While Rommé professed a belief that he could ignore Chapman’s letters based
upon Johnson-Hughes’ allegedly contrary assurances, the lawyer for Defendants considered the March 7, 2006 letter from the FWS of sufficient importance that he filed a formal response to the letter with the WV PSC. In his response, Defendants’ attorney acknowledged that FWS’s recommendations included three years of seasonal vertical radar surveys, seasonal acoustic surveys, seasonal thermal imaging surveys, and surveys
to detect Indiana bats and Virginia big-eared bats emerging from local caves during spring, as well as an additional two years of mist-netting surveys. Letter from Lee F. Feinberg, Spilman Thomas & Battle, PLLC, to Sandra Squire, Executive Secretary, W. Va. Pub. Serv. Comm’n, at 2 (Apr. 3, 2006) (Defs.’ Ex. 79) (attaching Beech Ridge Energy’s response to the March 7, 2006 letter from the FWS). The principal reason cited by Defendants’ attorney for opposing these recommendations was the financial burden
on Defendants and delaying construction of the project, not a disagreement as to the merits of the recommended actions. Id.
Had Rommé listened more carefully to what he was told repeatedly, Defendants would not be in the unfortunate situation in which they now find themselves. It is clear that Rommé adopted a “minimalist” approach to his responsibilities and that he “neither strained very hard nor looked very far” in his effort to find Indiana bats. Montgomery County v. Leizman, 303 A.2d 374, 380 (Md. 1973). Searching for bats near proposed wind turbine locations for one year instead of three,[FN: 54 BHE conducted a mist-net survey near proposed wind turbine locations in July 2005 and a mist-net survey along the transmission line in June 2006.] looking in one season rather than three, and using only one method to detect bats was wholly inadequate to a fair assessment.
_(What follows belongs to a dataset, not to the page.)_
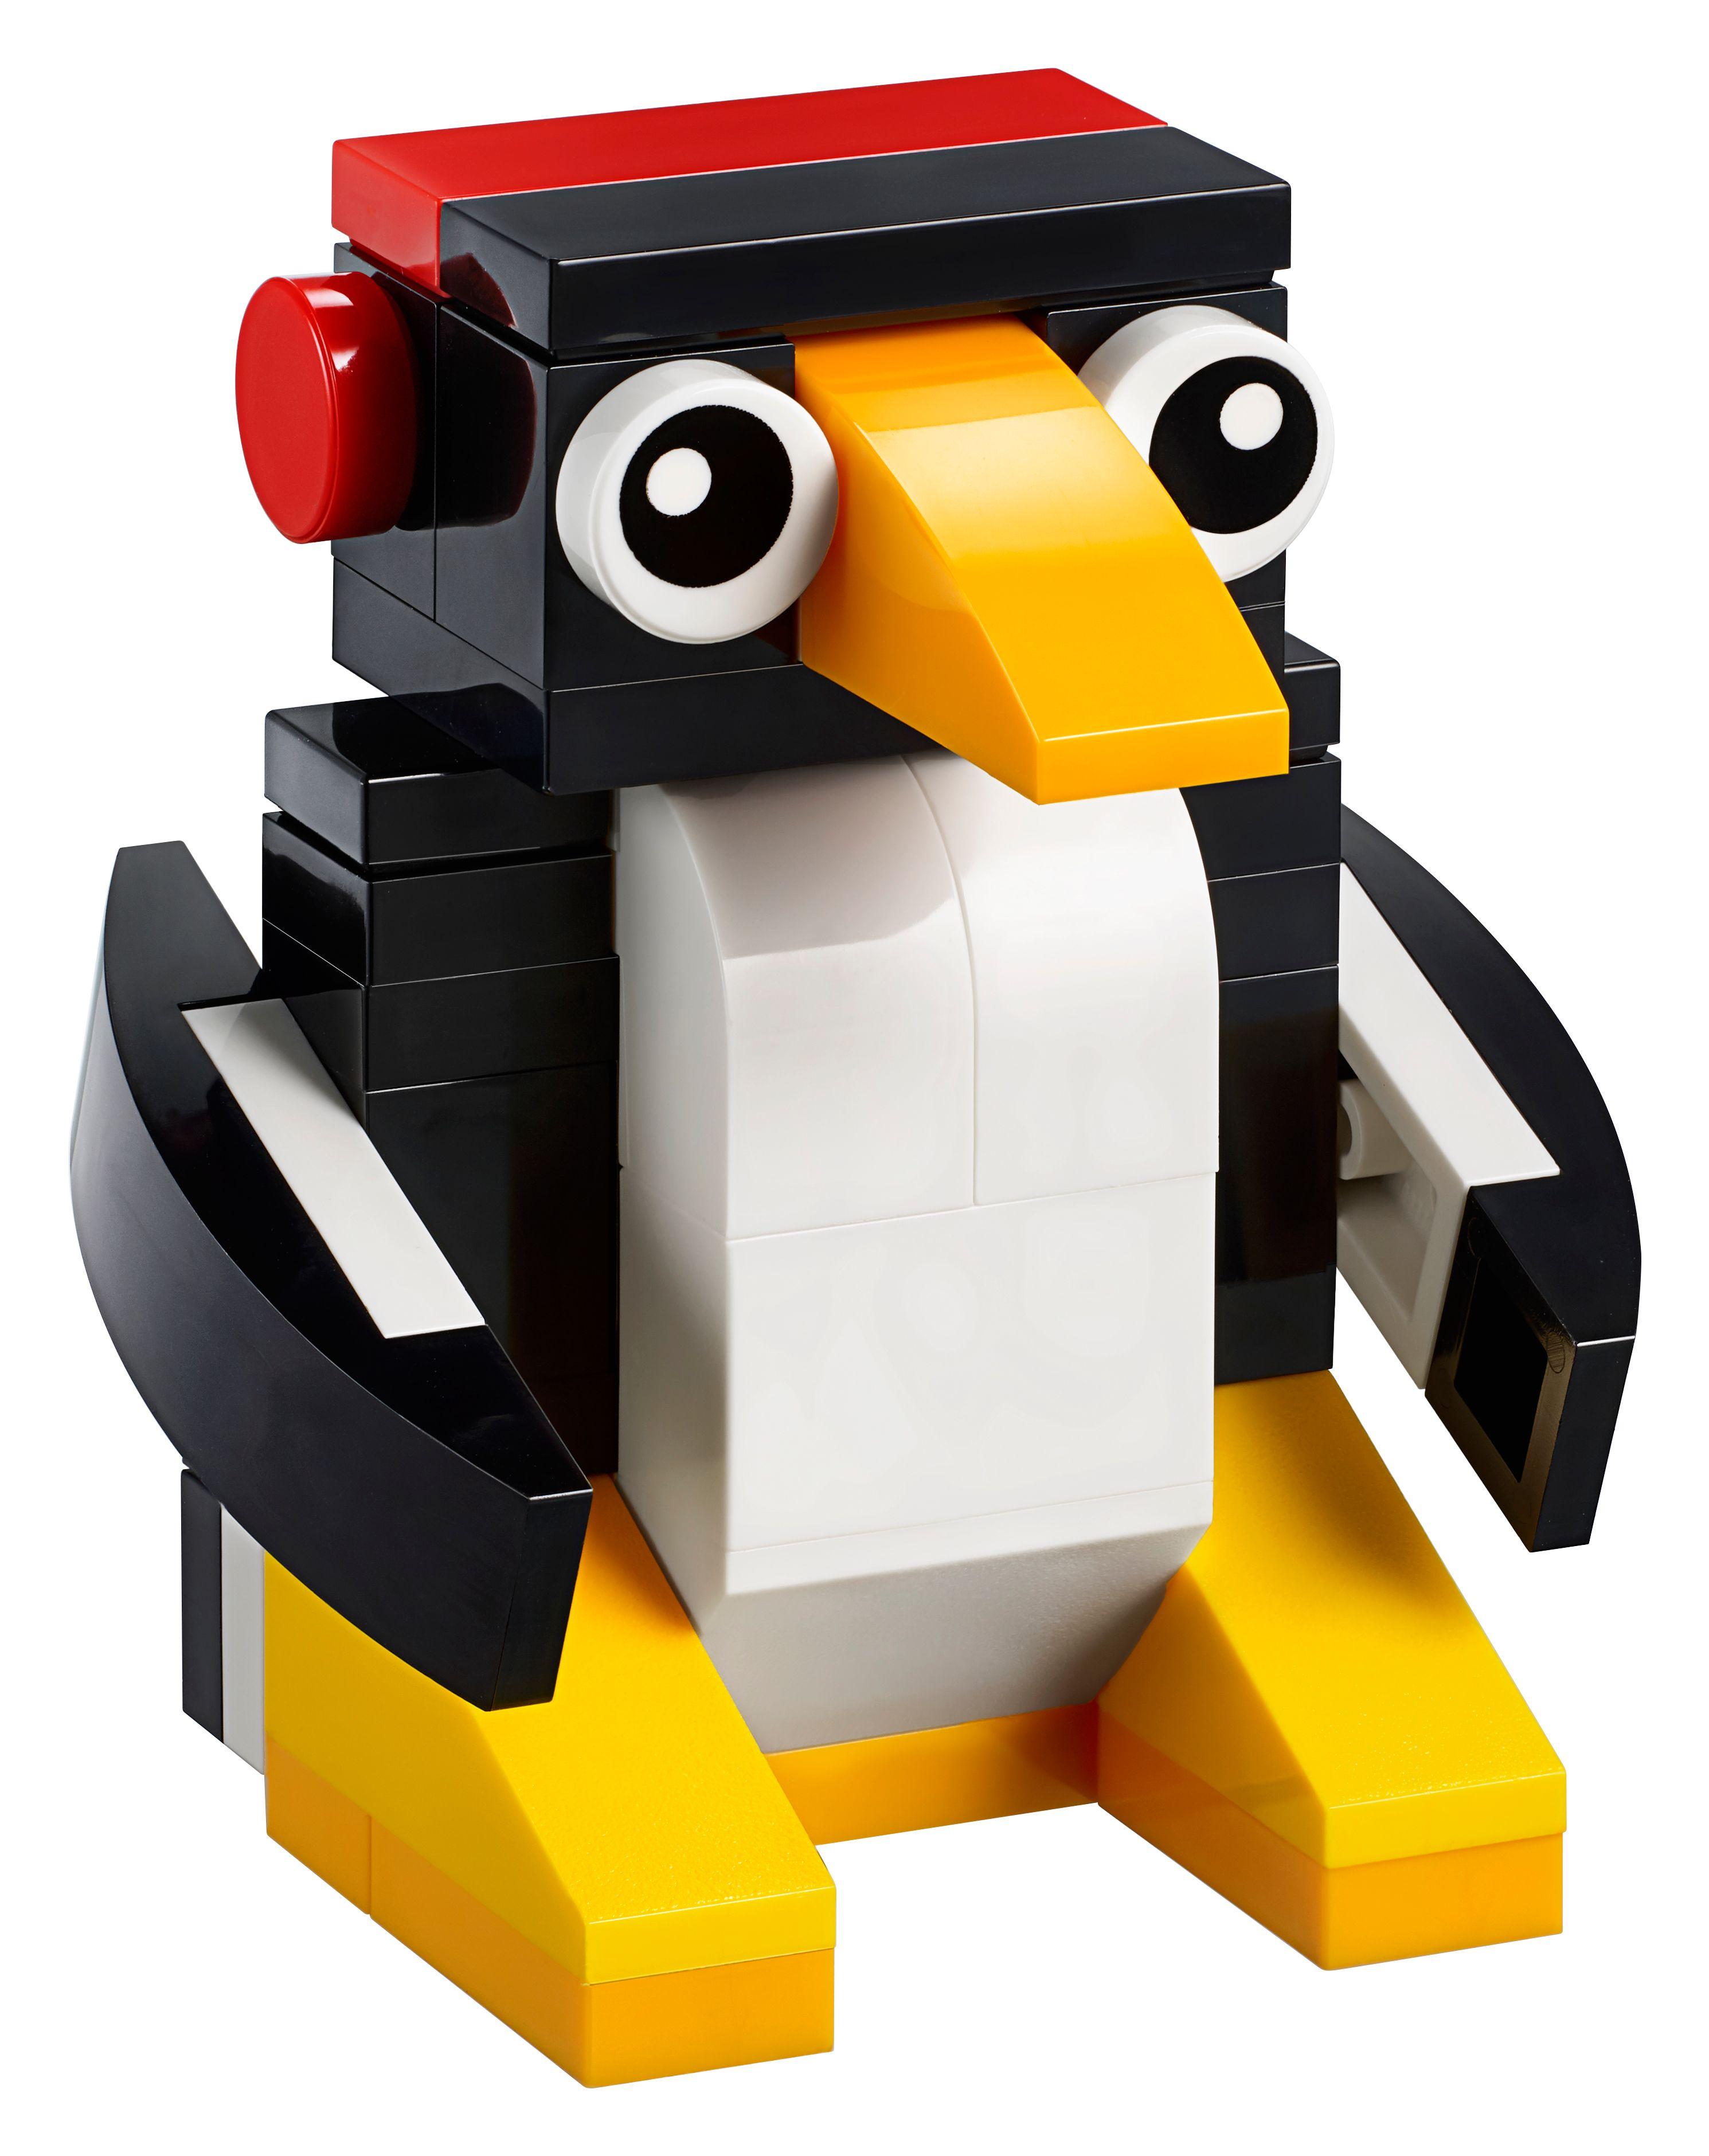 Gratis Lego Mini Modell Bautag - Pinguin

Second, acceptance of Rommé’s testimony would lead one to conclude that there are serious personnel management issues within the FWS, including subordinates routinely countermanding instructions given by superiors. The Court is skeptical of his testimony, but to the extent that there is any truth to Rommé’s characterizations of his conversations with Johnson-Hughes, the FWS should carefully review its procedures to be certain that subordinates do not undermine official communications. The only thing
that is clear from the record is that the responses of the FWS to some of the
communications from Defendants were relatively slow. See, e.g., Letter from Thomas R. Chapman, Field Supervisor, U.S. Fish and Wildlife Serv., W. Va. Field Office, to Russ Rommé, Director, BHE Envtl., Inc. (Mar. 7, 2006) (Pls.’ Ex. 97) (stating that the March 7, 2006 letter was in response to a letter from Rommé dated July 7, 2005).
This Court has concluded that the only avenue available to Defendants to resolve the self-imposed plight in which they now find themselves is to do belatedly that which they should have done long ago: apply for an ITP. The Court does express the concern that any extraordinary delays by the FWS in the processing of a permit application would frustrate Congress’ intent to encourage responsible wind turbine development. Assuming that Defendants now proceed to file an application for an ITP, the Court urges the FWS to act with reasonable promptness, but with necessary thoroughness, in acting upon that application.
The development of wind energy can and should be encouraged, but wind
turbines must be good neighbors. Accordingly, the Court will, albeit reluctantly, grant injunctive relief as discussed above.[FN: The Court wishes to express its sincere appreciation to Nicolas Mitchell, his law clerk, for extraordinary and invaluable assistance in reviewing the massive record in this case, conducting extensive research, and initial drafting of this opinion.]